While waiting for a resolution of the immigration issue, the case continued through the family law and criminal law proceedings. Seema and her children were going through the family court process regarding issues of custody. The family was also preparing to be witnesses in the criminal prosecution against Seema’s husband for the abuse of the family. Seema’s husband repeatedly breached the final protection order that was in place. We were very worried about the safety of Seema and her children.

Approximately a year after first calling the police Seema’s husband was found guilty of most of the charges against him. He was later sentenced to 16 years in prison, indicative of the gravity of his offences and the family law issues were resolved in favour of Seema as well.

Though relieved by the outcome of the family and criminal proceedings, the family was under significant stress which was exacerbated by the uncertainty of their immigration status. A few days after the verdict we found out that the Minister had granted an exception to policy to allow Seema and the children to apply for NZ residence. Their residence applications were granted a few months later.

Seema’s life has now vastly improved since she was able to resolve the issues brought on by her ex-husband’s abuse.  Seema  now has a job and her children are well-settled in school. Seema has built a small network of trusted friends. Her children now can lead normal lives outside of the shadow of abuse and control.  They now have pets, play X-box and musical instruments such as the guitar.  They can invite friends over to their house and or go to visit their friends. The family intends to apply for New Zealand citizenship when they become eligible.  Though it took time, the family is now on the way to live a much happier and less burdened life.

Spotlight on RILAS

Vulnerable migrants

As highlighted by Seema’s story, we can provide some assistance to women who are experiencing family violence and whose visa status is dependent on their relationship with their partners. The visa options available to people in these situations depend on the immigration status of their partners: people who leave a violent relationship with NZ citizens or NZ residents are able to apply for special work and residence visas for victims of domestic violence if they meet certain criteria. People in relationships with partners who hold work visas are not eligible to apply for these special visas and their immigration options are very limited. This makes them extremely vulnerable and in need of advocacy.

We also have provided assistance to individuals experiencing illegal employment conditions but but feel they cannot resign as their visa is tied to their place of work.

Refugee family reunification

A large part of what we do is providing on-going assistance to refugees with their family reunification applications. Last year we assisted with over 100 cases. We have 14 volunteer advocates who provide ongoing support to these applications.
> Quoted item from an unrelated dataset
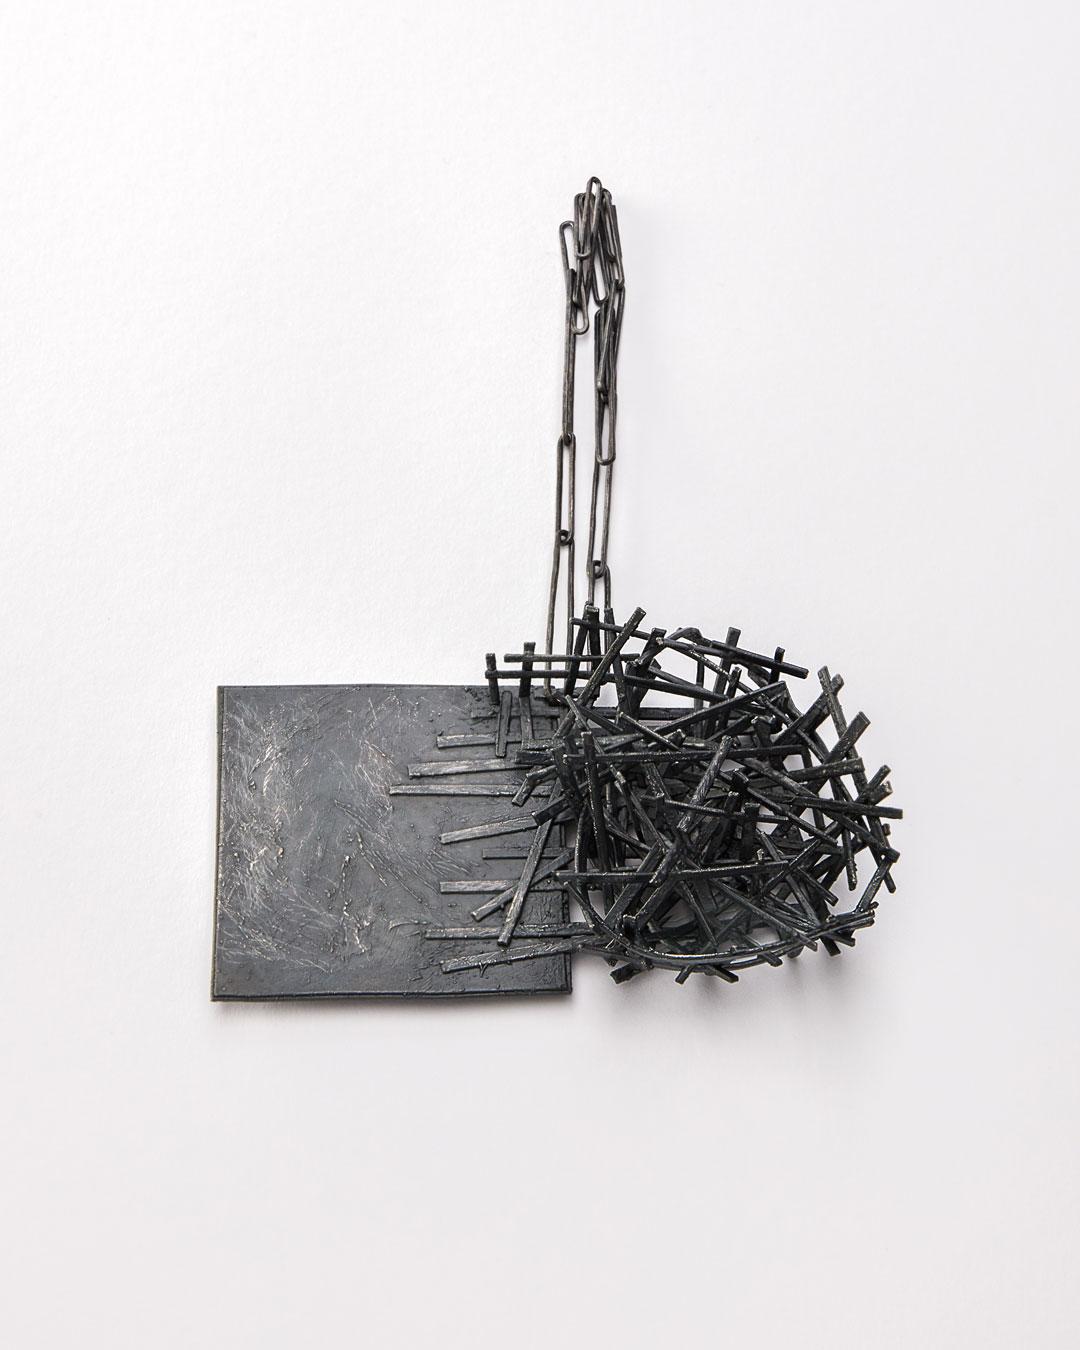 Iris Bodemer, Gegenüberstellung 1 (Juxtapositie 1), 2019, hanger; zilver, thermoplast, 90 x 140 x 40 mm, €4250

Many refugees end up separated from their family members when they flee persecution. Refugees separated from their immediate family members (dependent children and/or spouses), or here alone or are sole carers for dependent children, are entitled to apply for reunification with certain family members (under various different Immigration New Zealand policies.)  
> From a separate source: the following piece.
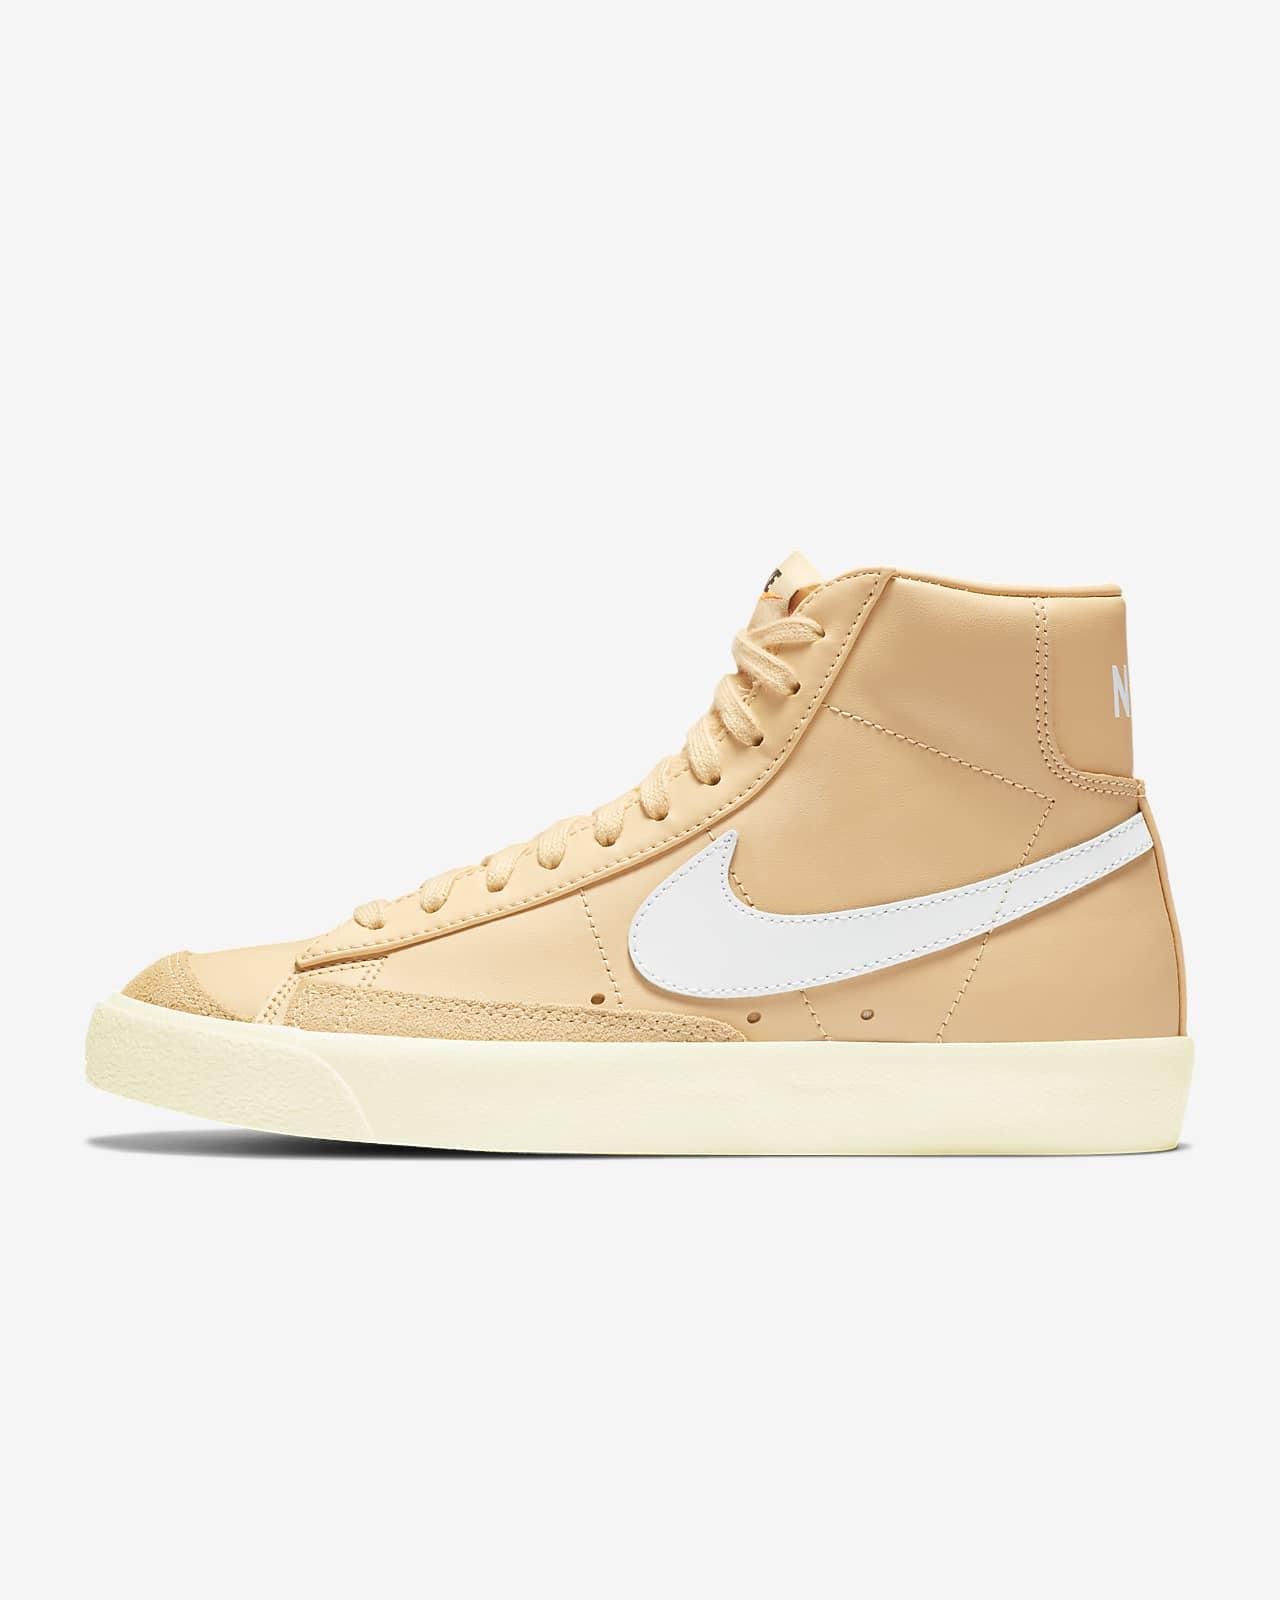 Nike Blazer Mid '77 Vintage Damenschuh

The family reunification process is complex and can be incredibly stressful to navigate, particularly for newly arrived refugees. Family members are often living in dangerous situations and this makes family reunification even more crucial. We regularly see the profound impact that family reunification has on the lives of refugees. When family reunification is complete we see that refugees are much better equipped to look for work, learn English and to participate in their new communities.
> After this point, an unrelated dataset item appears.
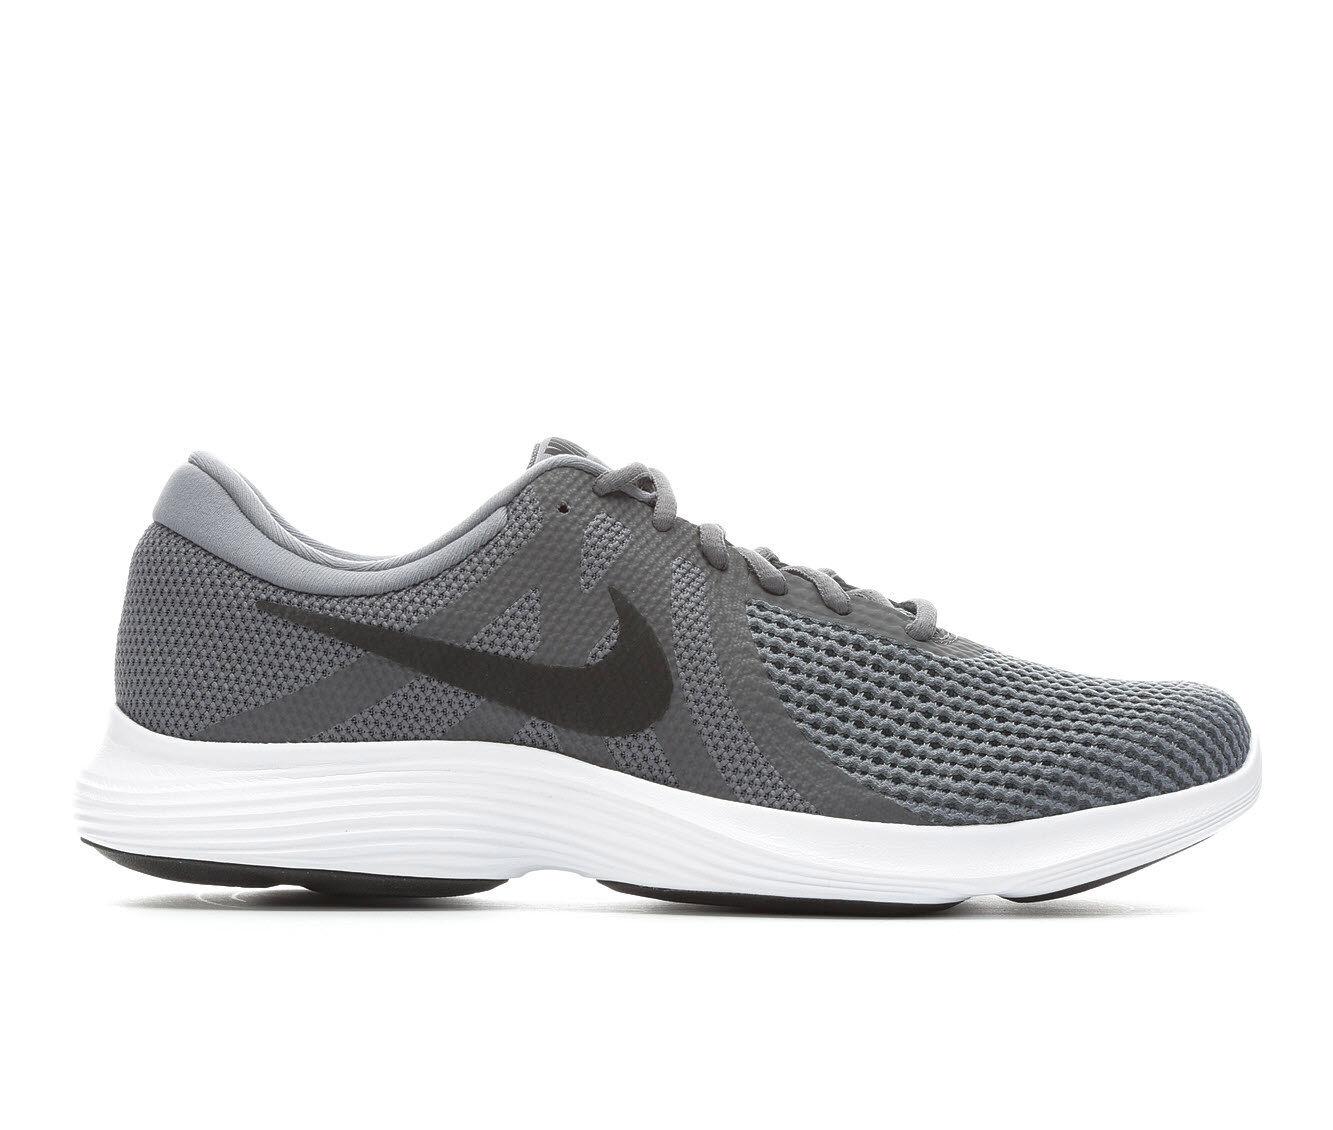 Autumn Spring Mens Shoes Nike Air Max 1 Essential Running

Education and community connections

We provide information and reach out to the community through our community education programs.  In order to promote how our services work to those who may qualify, we are involved in the  Red Cross inductions for newly arrived refugees. We also provide legal education on immigration to those working with refugees and vulnerable migrants. In the past we have presented to the District Health Board and the Citizen Advice Bureaux. We’ve also lectured at Victoria University and Otago University (Wellington campus) on immigration topics.

We work hard to raise the profile of refugee and migrant issues by participating in public discourse. In the past year our supervising RILAS lawyer Megan Williams has spoken on panels and been interviewed by Law Talk and Radio NZ.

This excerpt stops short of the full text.